§ EXERCISE DATA

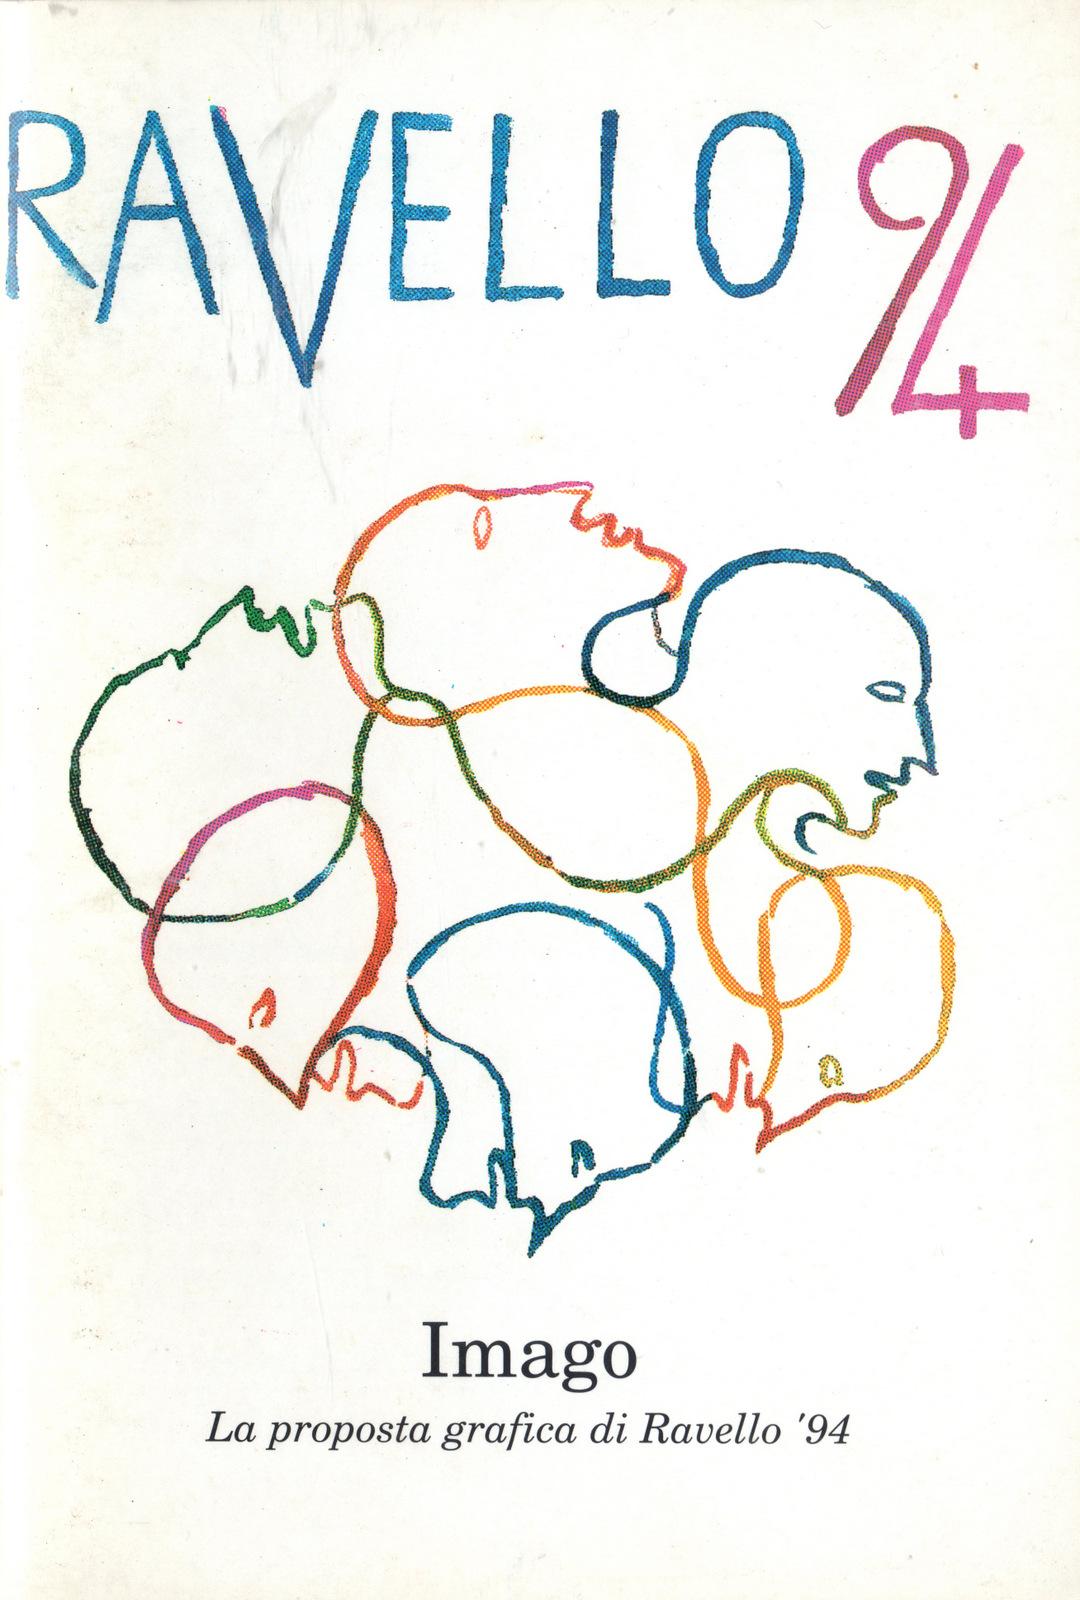 Manifesto Ravello 1994
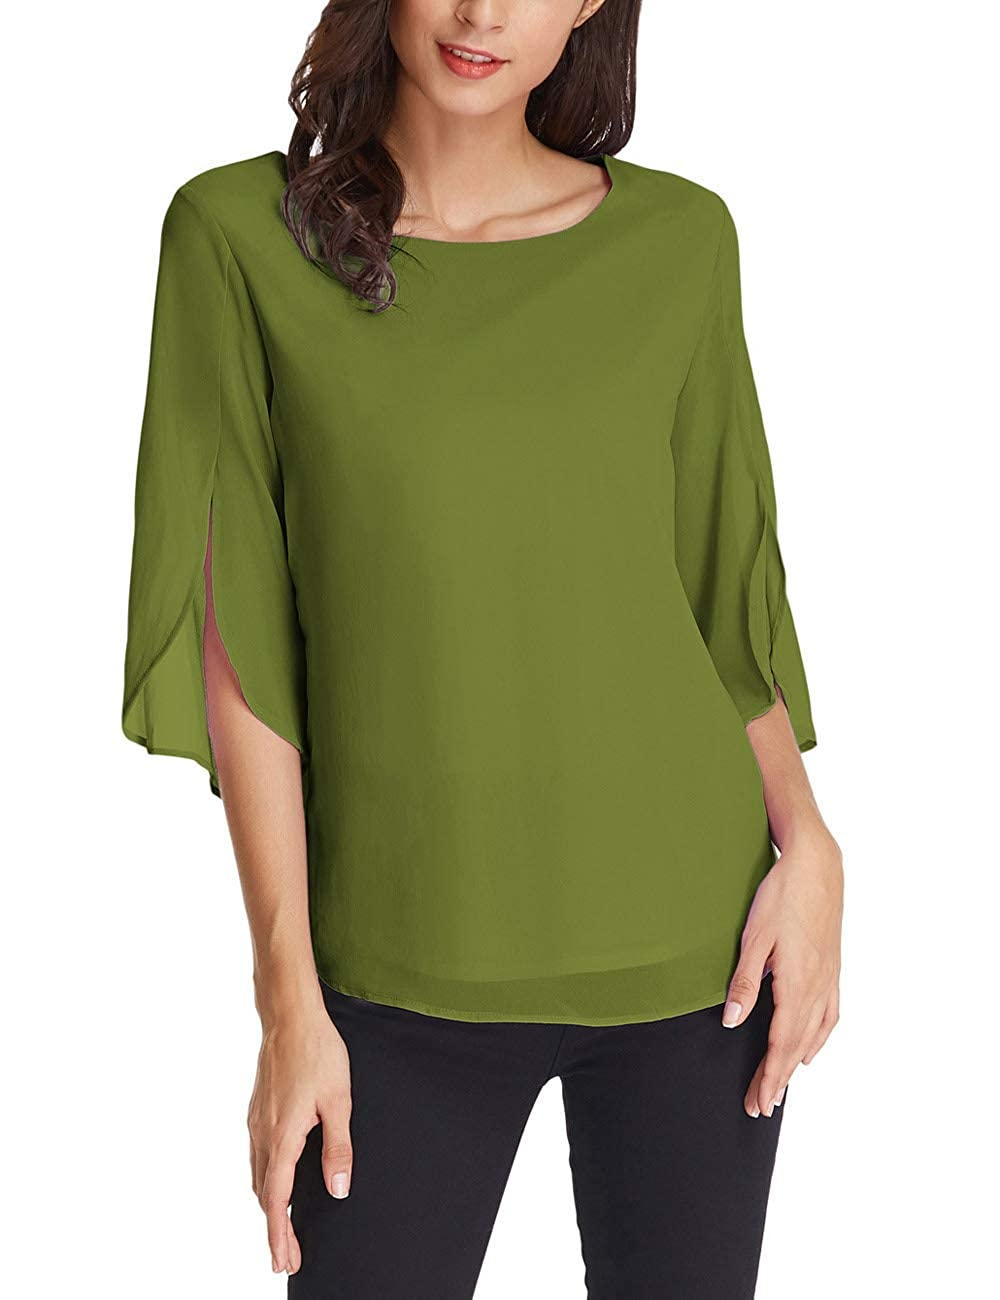 d8ab207a3 GRACE KARIN Women's Casual Chiffon Blouse Tops Half Ruffle Sleeve at Amazon  Women's Clothing store:
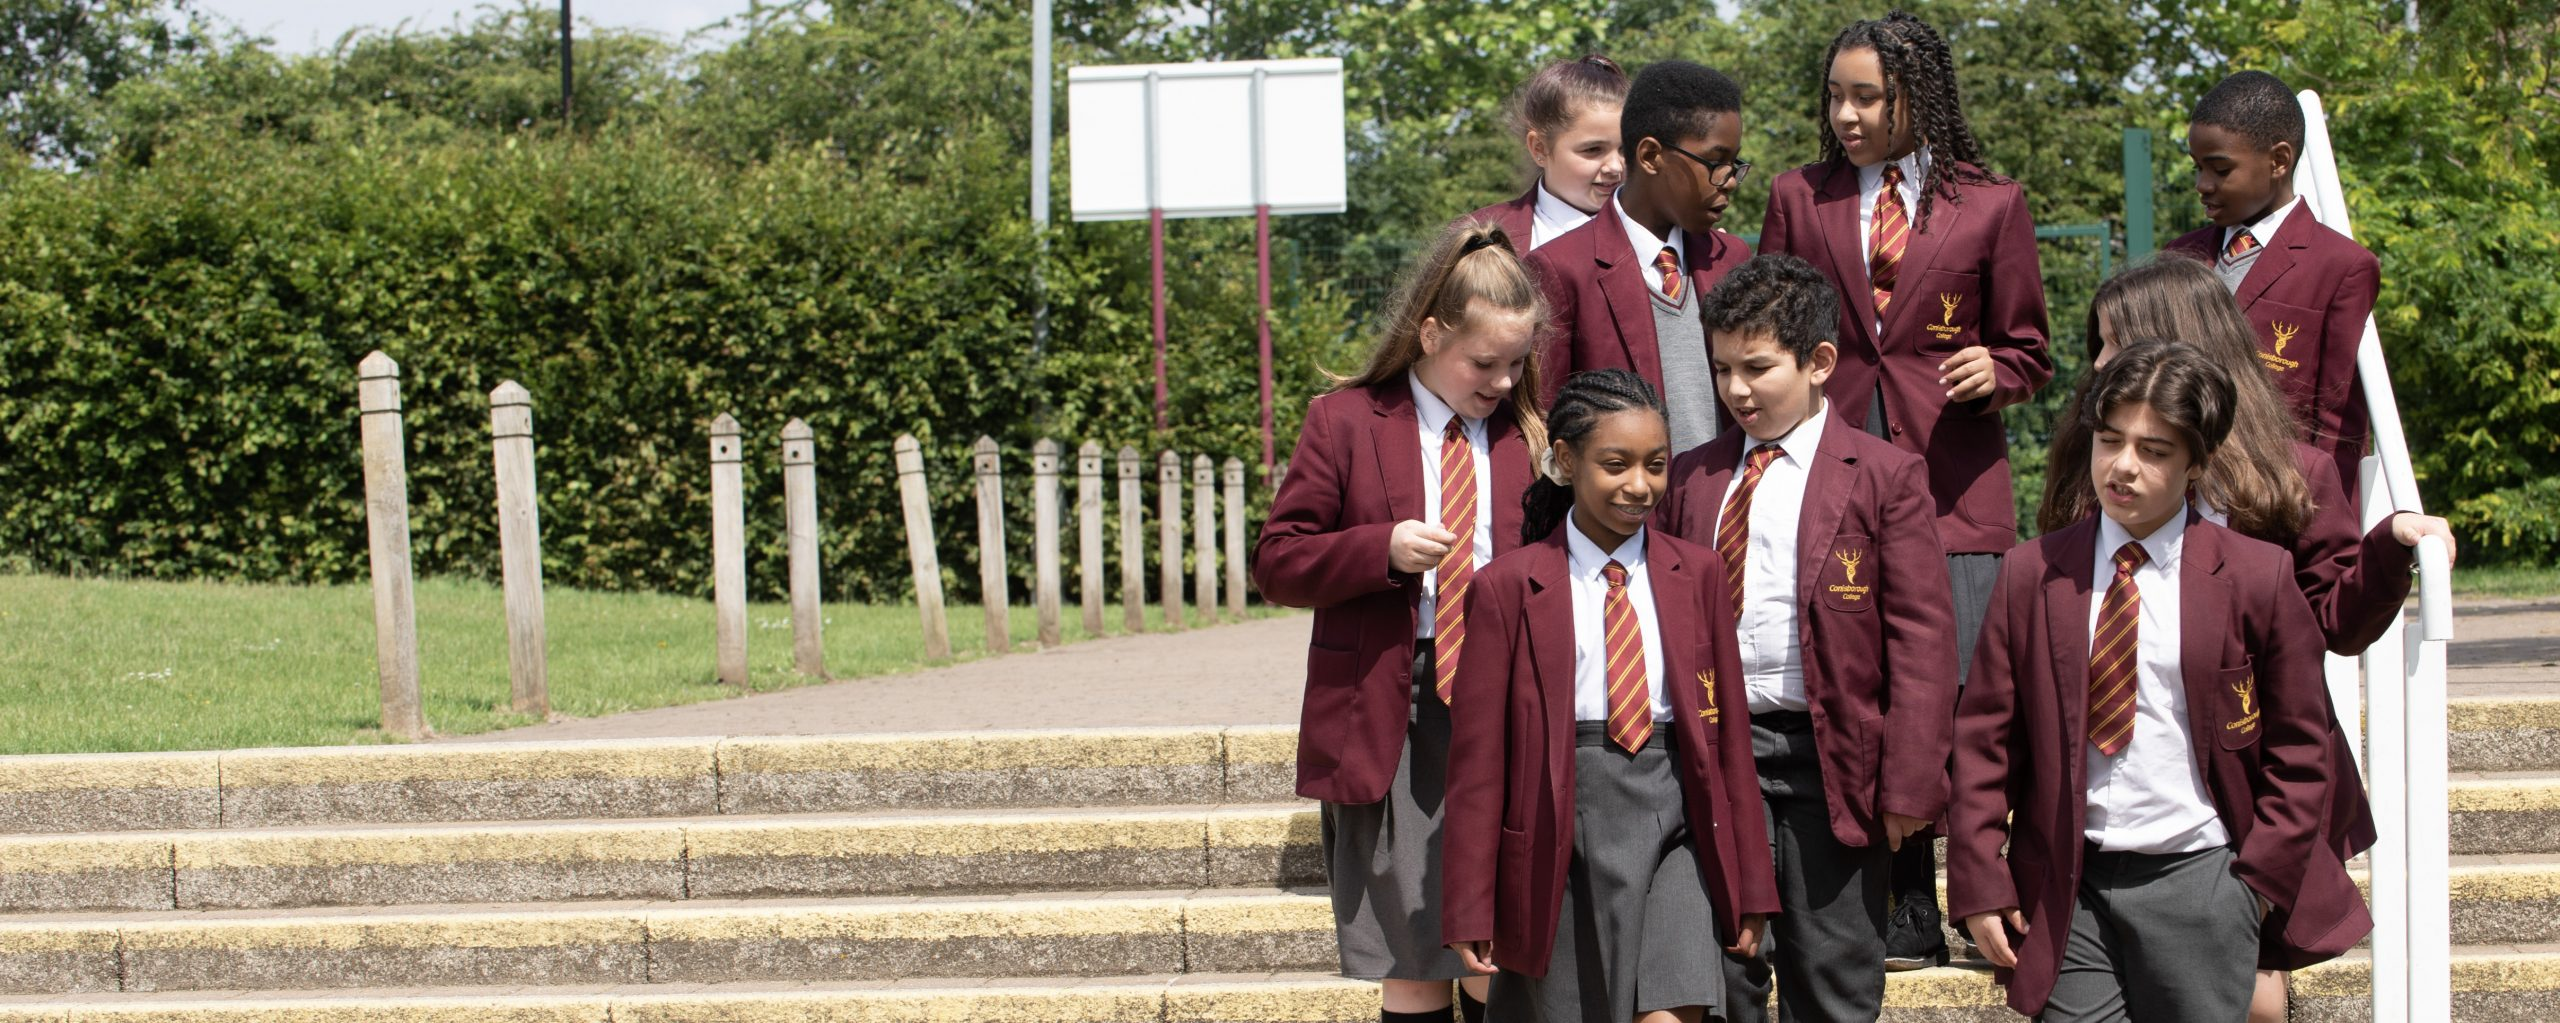 Conisborough College Students Outdoors Lewisham

§ EXERCISE
In your copy of the data above, leave out the pictures and repeat everything else exactly.

§ SOLUTION TO THE EXERCISE
 Manifesto Ravello 1994
 d8ab207a3 GRACE KARIN Women's Casual Chiffon Blouse Tops Half Ruffle Sleeve at Amazon  Women's Clothing store:
 Conisborough College Students Outdoors Lewisham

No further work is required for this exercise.